Not that I can remember...

GaelVaroquaux · 2018-07-16T16:19:58Z

No strong opinion. Too many warnings means that users don't look at warnings.

The only thing that I can suggest is adding an option to control this behavior. I don't really like adding options (the danger is to have too many), but it seems here that there is no one-size-suits-all choice.

amueller · 2018-07-16T16:27:12Z

we could also increase the tol? @ogrisel asked if we have this warning for logistic regression as well or if we ignore it there.

ogrisel · 2018-07-16T20:27:50Z

Does this issue also happen with the LogisticRegression class?

GaelVaroquaux · 2018-07-17T12:57:08Z

I am -1 on increasing the tol: it will mean that many users will wait longer.

I think that there should be an option to control convergence warnings.

amueller · 2018-07-17T14:22:32Z

increasing the tol meaning a larger tol. So if anything people will wait shorter.

GaelVaroquaux · 2018-07-17T14:25:57Z

increasing the tol meaning a larger tol. So if anything people will wait shorter.

OK, I had understood you the wrong way. +1 for that option.

samronsin · 2018-07-17T14:43:38Z

Working on this.

samronsin · 2018-07-17T16:02:41Z

@ogrisel indeed LogisticRegression is also potentially affected.

samronsin · 2018-07-17T16:58:23Z

As discussed with @agramfort I am a bit skeptical regarding bumping the tol as there are a lot of different defaults around:

LogisticRegression: max_iter=100, tol=0.0001
LinearSV{C,R}: max_iter=1000, tol=0.0001
SV{C,R}: max_iter=-1, tol=0.001

amueller · 2018-07-17T17:02:44Z

This is only about liblinear, so where the tol is 0.0001 right now. So it would be making it more consistent. We should probably run some benchmarks, though?

samronsin · 2018-07-17T17:16:48Z

Ah indeed, so maybe this is not as complex as I first thought.
Should the tol be 0.001 by default for all these liblinear calls ?
I agree regarding benchmarks !

amueller · 2018-07-20T14:45:57Z

@samronsin yeah that would be good I think. This seems one of the last release blockers?

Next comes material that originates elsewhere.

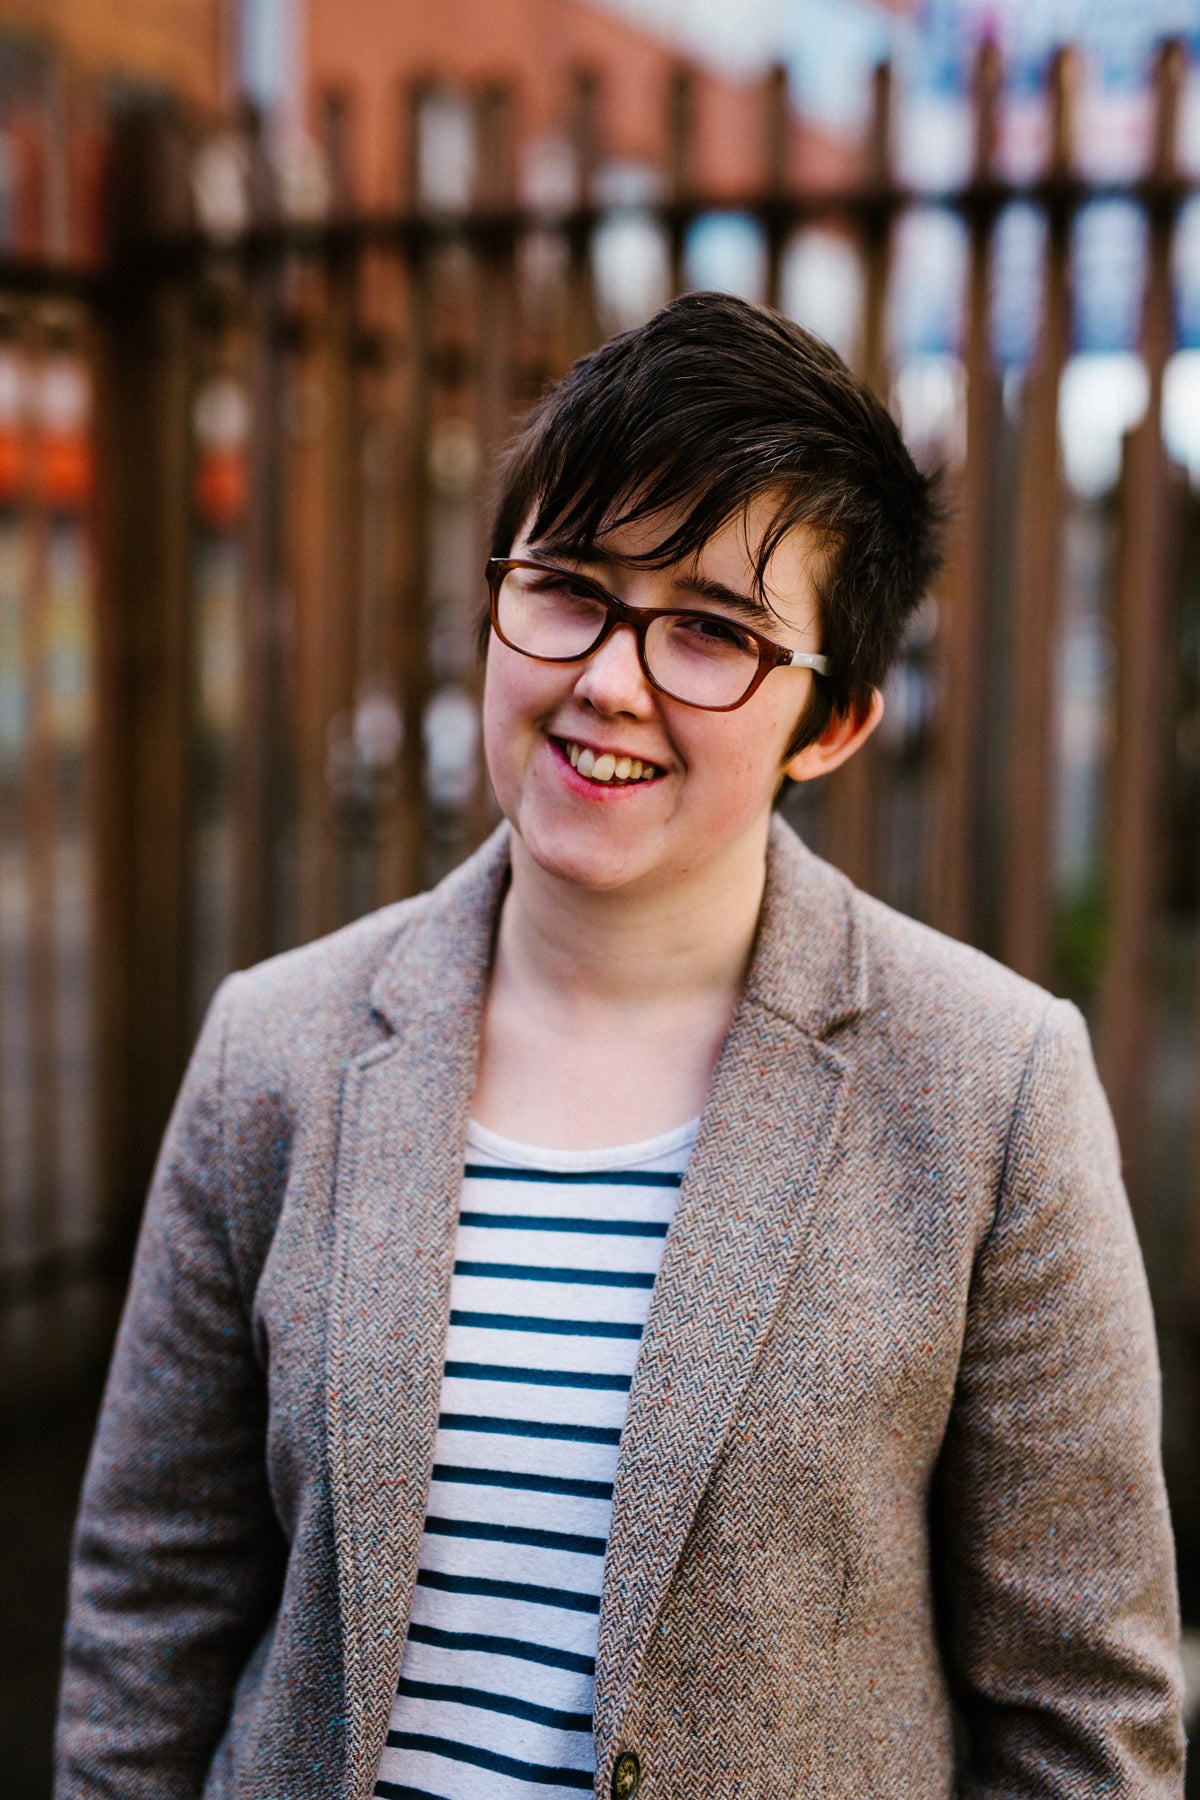 Channel 4 announces film about life and death of journalist Lyra McKee

amueller · 2018-07-20T15:56:39Z

btw the change that prompted all this is #10881 which basically was just a change in verbosity :-/

amueller · 2018-07-20T16:01:32Z

btw using the default solver, tol is 0.1 (!) in liblinear by default. https://github.com/cjlin1/liblinear/blob/master/README

jnothman · 2018-07-22T06:23:49Z

Wow. So many nice surprises in Liblinear...

amueller · 2018-08-16T20:49:41Z

@jnothman this is mostly our wrapper that has the surprises, I think?

jnothman · 2018-08-17T01:18:03Z

tbh I've not looked into it...

NicolasHug · 2018-08-20T16:24:48Z

The liblinear command line actually has various tolerance defaults, depending on the sub-solver that is used.

Do we want to use those? That would probably require switching the default to 'auto'.

jnothman · 2018-08-20T23:03:31Z

I want us to think about this after release :)

amueller · 2019-09-26T17:53:25Z

@jnothman I think we need to benchmark but possibly?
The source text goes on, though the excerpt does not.